MATERIAL PROVIDED Block Start
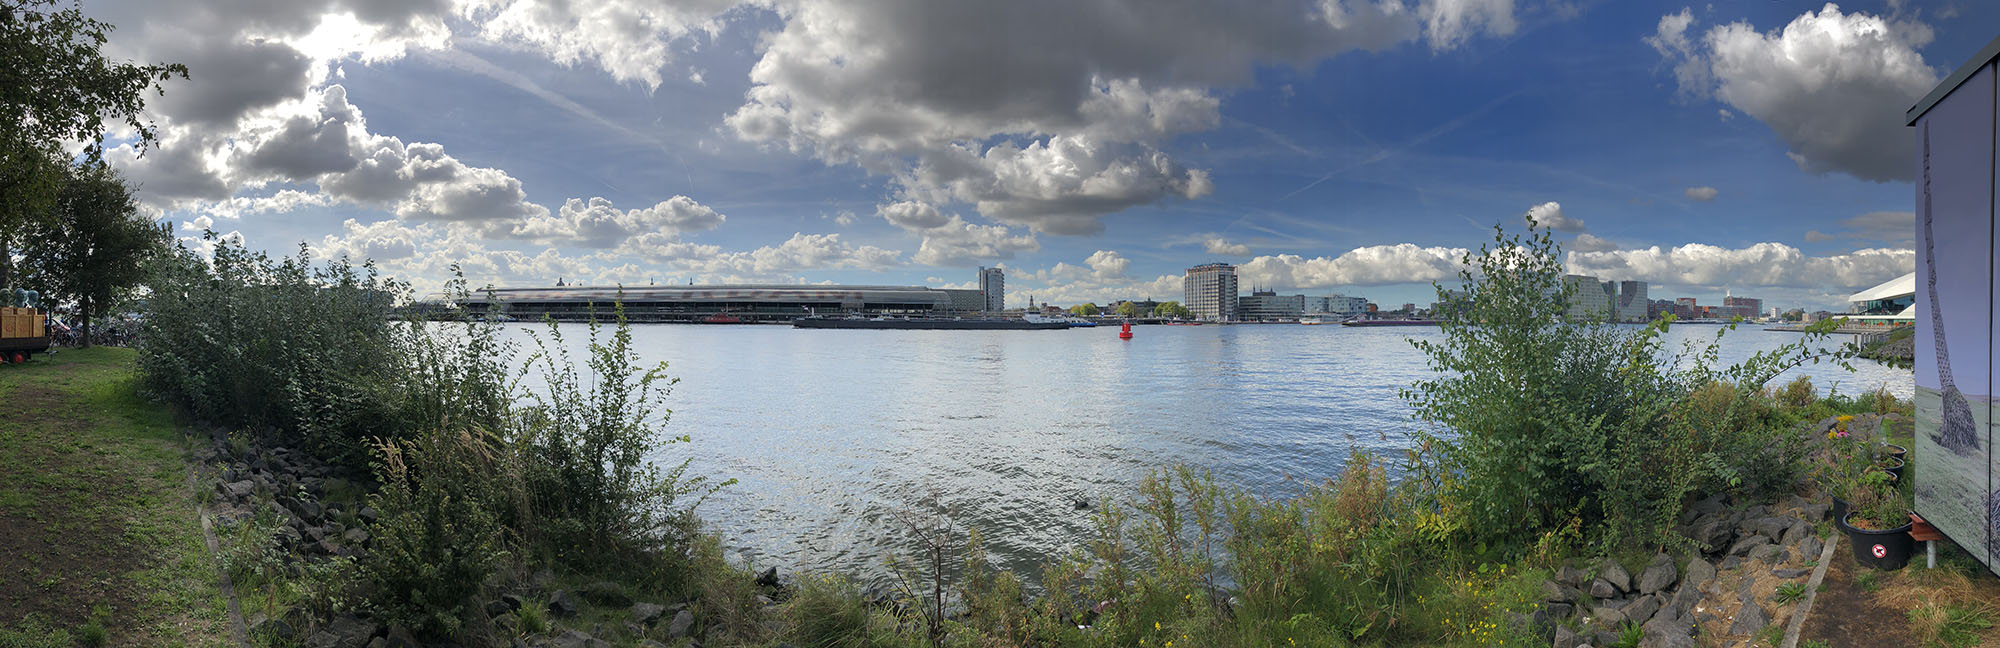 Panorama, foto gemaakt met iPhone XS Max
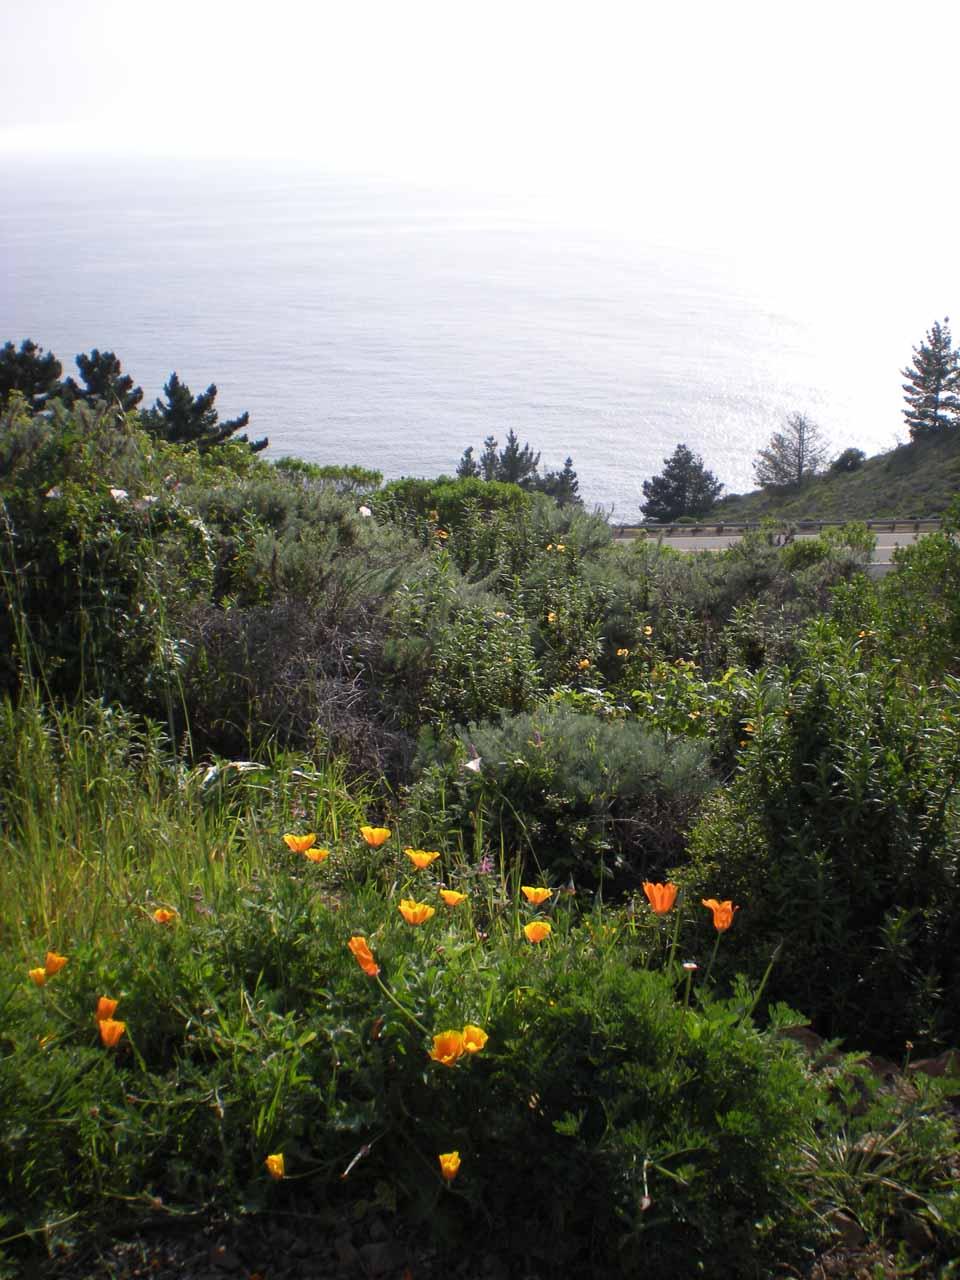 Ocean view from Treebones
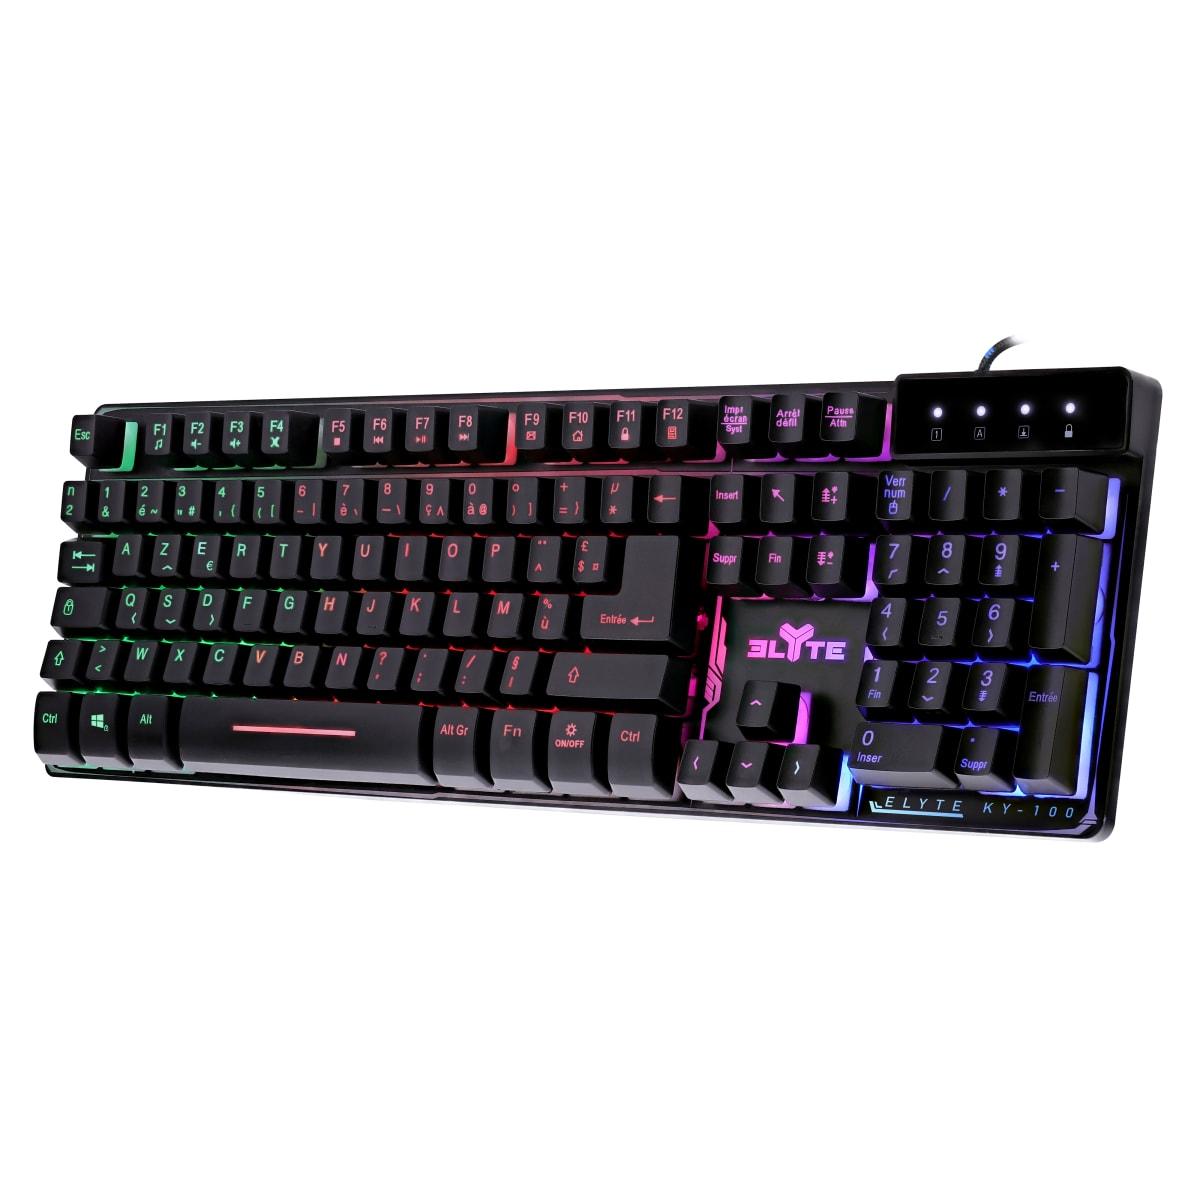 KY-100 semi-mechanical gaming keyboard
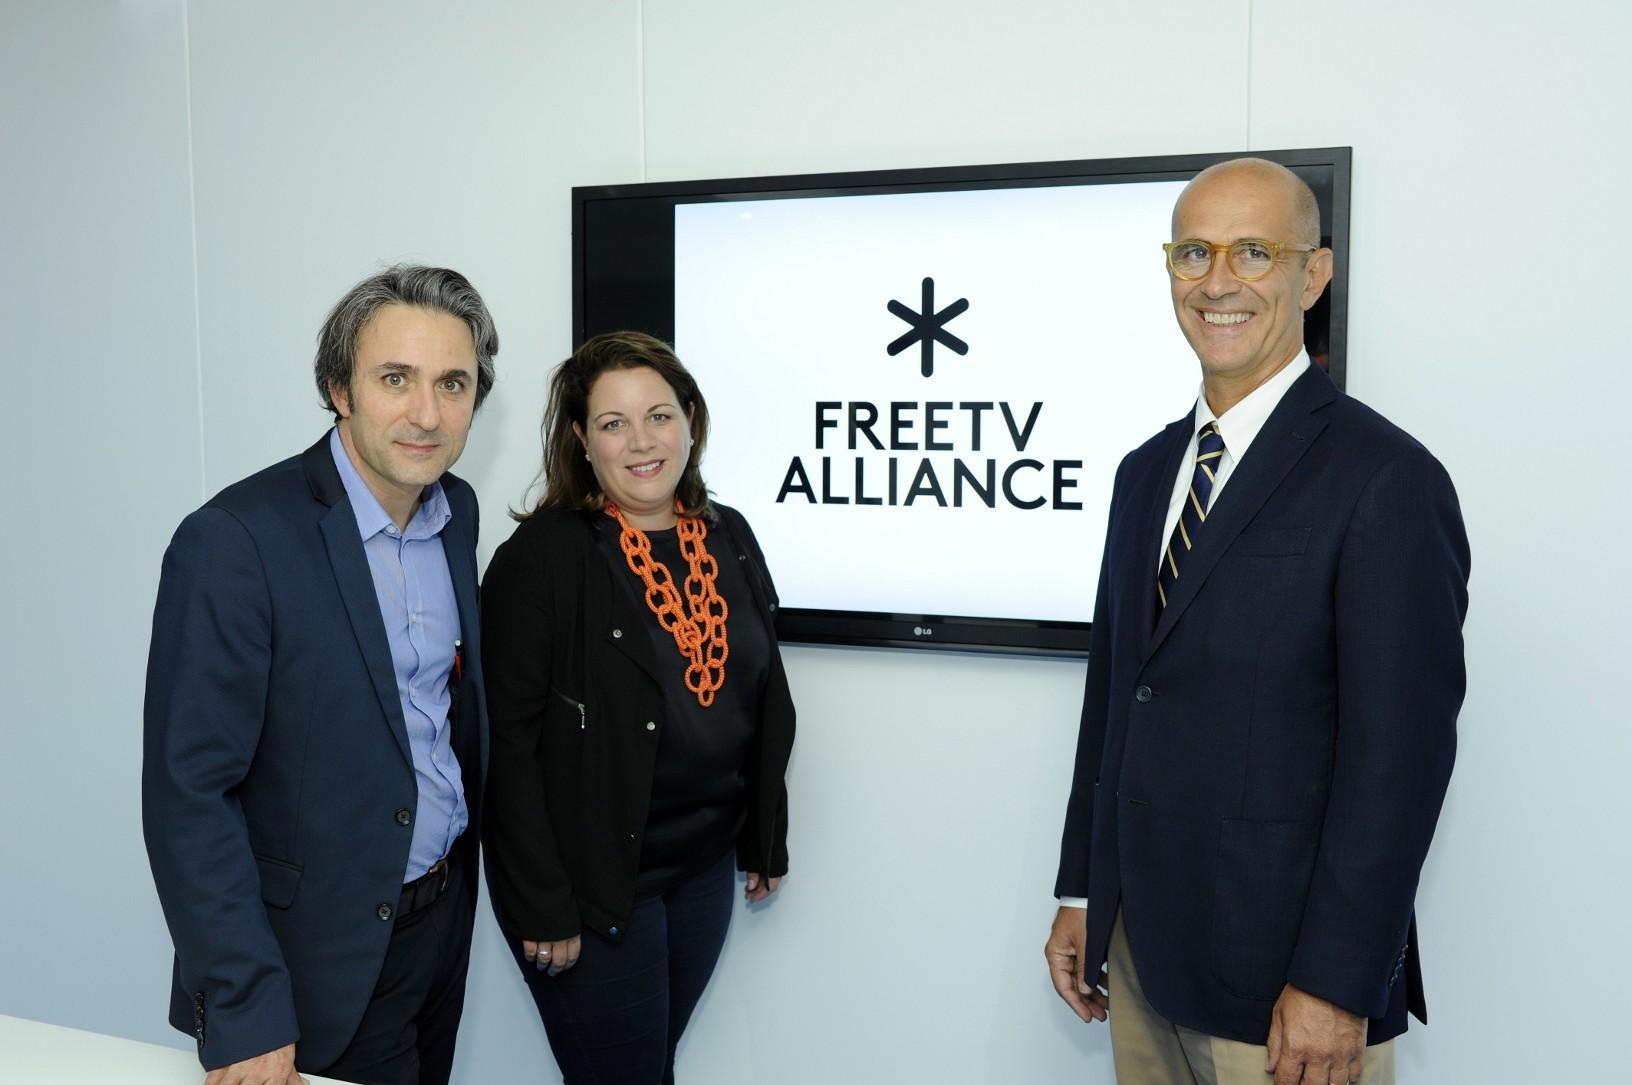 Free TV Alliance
MATERIAL PROVIDED Block End
EXERCISE INSTRUCTIONS:
Every line of the listing should be repeated exactly; no picture should appear.

ANSWER TO THE PROBLEM:
 Panorama, foto gemaakt met iPhone XS Max
 Ocean view from Treebones
 KY-100 semi-mechanical gaming keyboard
 Free TV Alliance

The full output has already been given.